Tapestry Design Prize for Architects
Project Details
Team: Pop Architecture & Hotham Street Ladies
Project Name: ‘Chaos & Fertility’
Project Type: Australian Tapestry Workshop’s International Design Competition - Tapestry Design Prize for Architects 2018
Status: Winner 2018 (142 entries)
Design Details
Established in 2015, the Tapestry Design Prize for Architects (TDPA) challenges architects to explore the possibilities of tapestry and architecture through the invitation to create a tapestry design for a hypothetical site.
The TDPA 2018 brief, written by MONA founder David Walsh, invited architects to design a tapestry for Étienne-Louis Boullée’s mooted Cenotaph for Isaac Newton that inspired the Pharos Wing at MONA, designed by Fender Katsalidis Architects. The brief encouraged a design that ‘was unconstrained by the requirement to be constructible’ but that may also be hung on the wall behind James Turrell’s Unseen Seen in the Pharos Wing.
Pop Architecture was eager to enter this competition as it was an opportunity to challenge design thinking and collaborate with artists, the Hotham Street Ladies.
The collaborative process was hugely enjoyable as Pop and HSL shared research, artistic & technical skills and anecdotes to arrive at design which was conceptually strong and visually engaging. The collaborative work is a collage comprised of hand and digitally produced material including watercolour painting, 3D modelling and rendering, and photography.
First prize was awarded to Pop Architecture and Hotham Street Ladies. 142 entries were received including 25 from international participants. Emeritus Professor Kay Lawrence AM, TDPA 2018 Judging Panel Chair remarked that “their tapestry design Chaos and Fertility, rejects the absence of ornament in Boullée’s practice as well as his ideals of enlightenment and ‘male reason’. Their design playfully responds to Walsh’s brief through their subversion of the western canon, with a focus on transgressive textiles, female history and subjectivity.”
The winning design and prize recipients were selected on the basis of artistic merit; ability to engage to a high degree with the unique qualities of tapestry; ability to design a major artwork that responds to a contemporary architectural space; and capacity to celebrate tapestry in architecture, through understanding of materials form, design and collaborative interpretation.

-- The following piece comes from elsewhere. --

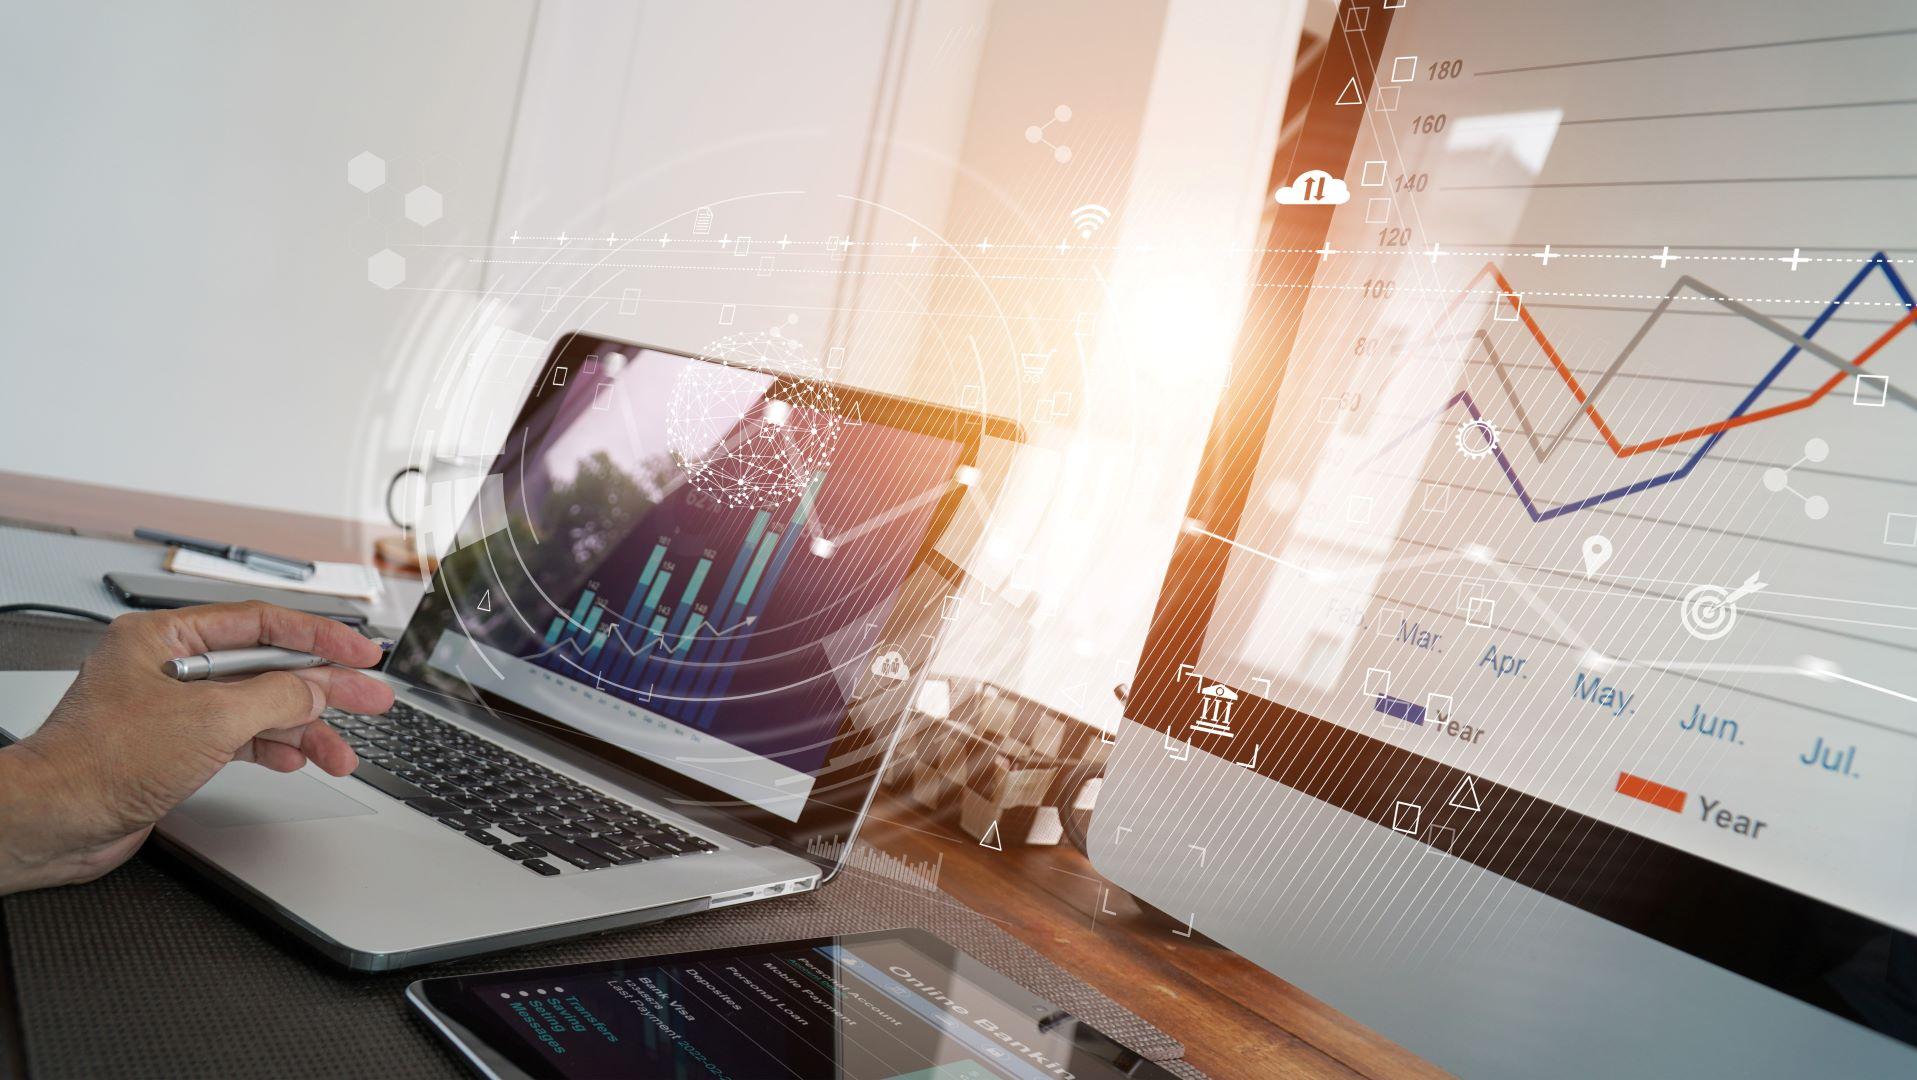 Verslo finansų valdymas: nuo biudžeto planavimo iki paskolos internetu
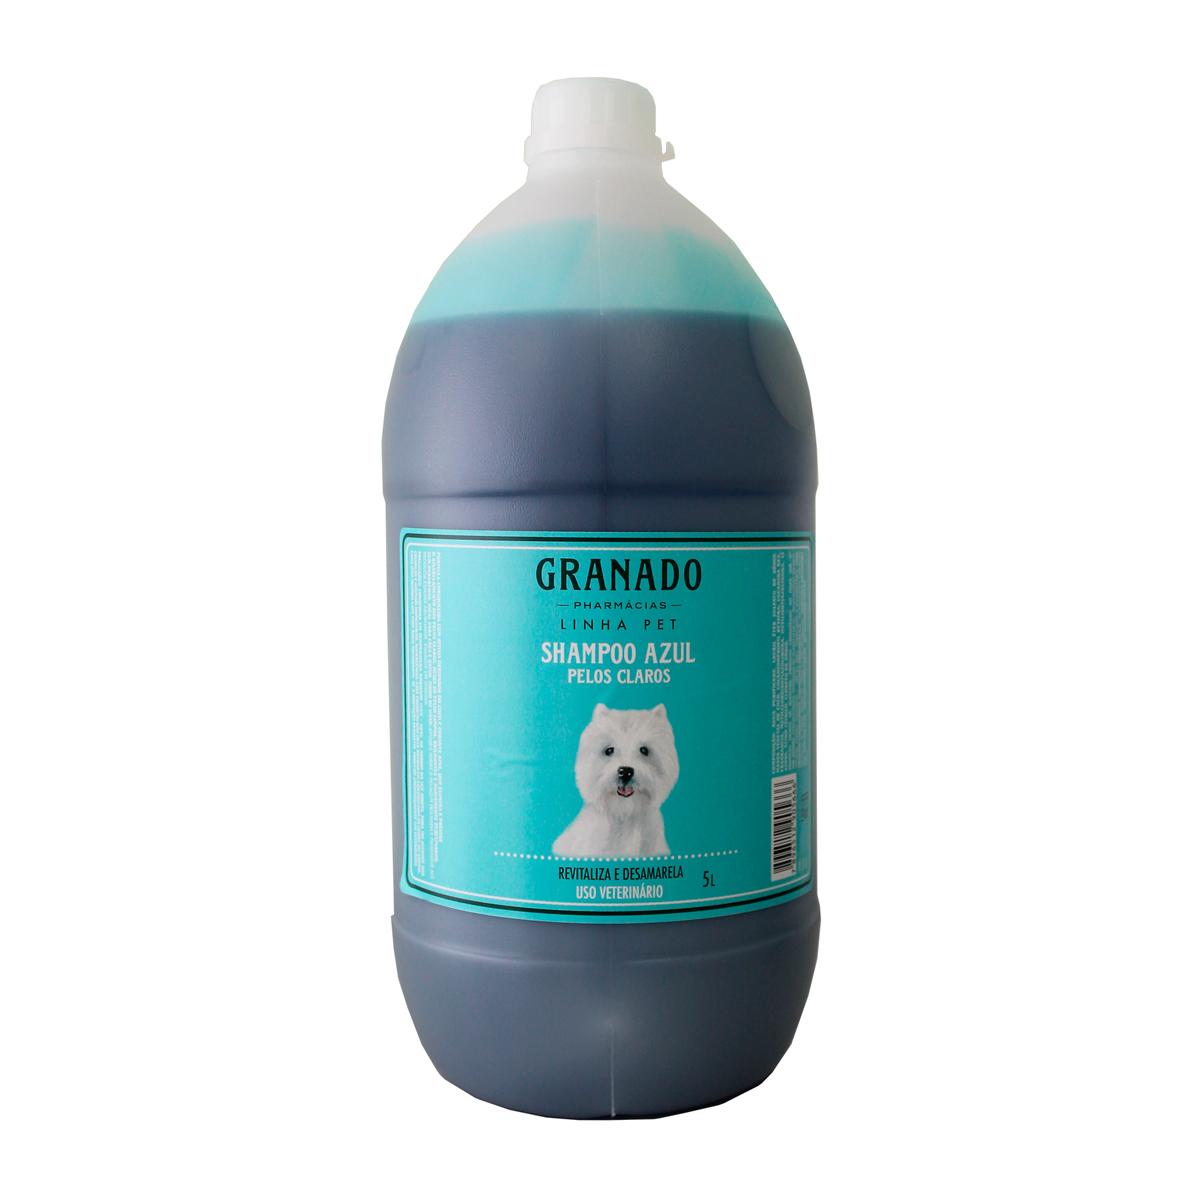 Shampoo Azul Pelos Claros 5L Granado

Read more about the competition here.
Competition Entry - Design Statement
Deep within the submerged, rocky base of Newton’s Cenotaph, and obscured in the shadowy nether regions of the subterranean colonnade, the secret sect of Diana of Ephesus continued at their needle work.
There was no place for them or their practice in Boullée’s cult architecture, its principles promoting the total absence of ornament and other. Cast aside, they railed against Etienne-Louis Boullée’s sphere as an absolute and perfect symbol of Male Reason.
Instead, they conceived of a work that would blow apart this male fantasy: a resplendent, vivid and richly textured tapestry, which - when joined at the seams - would shroud the geometric purity of the sphere with a riotously decorative display. It would be a depiction of the hidden grottos at which they worshipped, each containing a female deity.
When revealed, this would envelop Newton’s Cenotaph with potent symbols of female fertility and fecundity.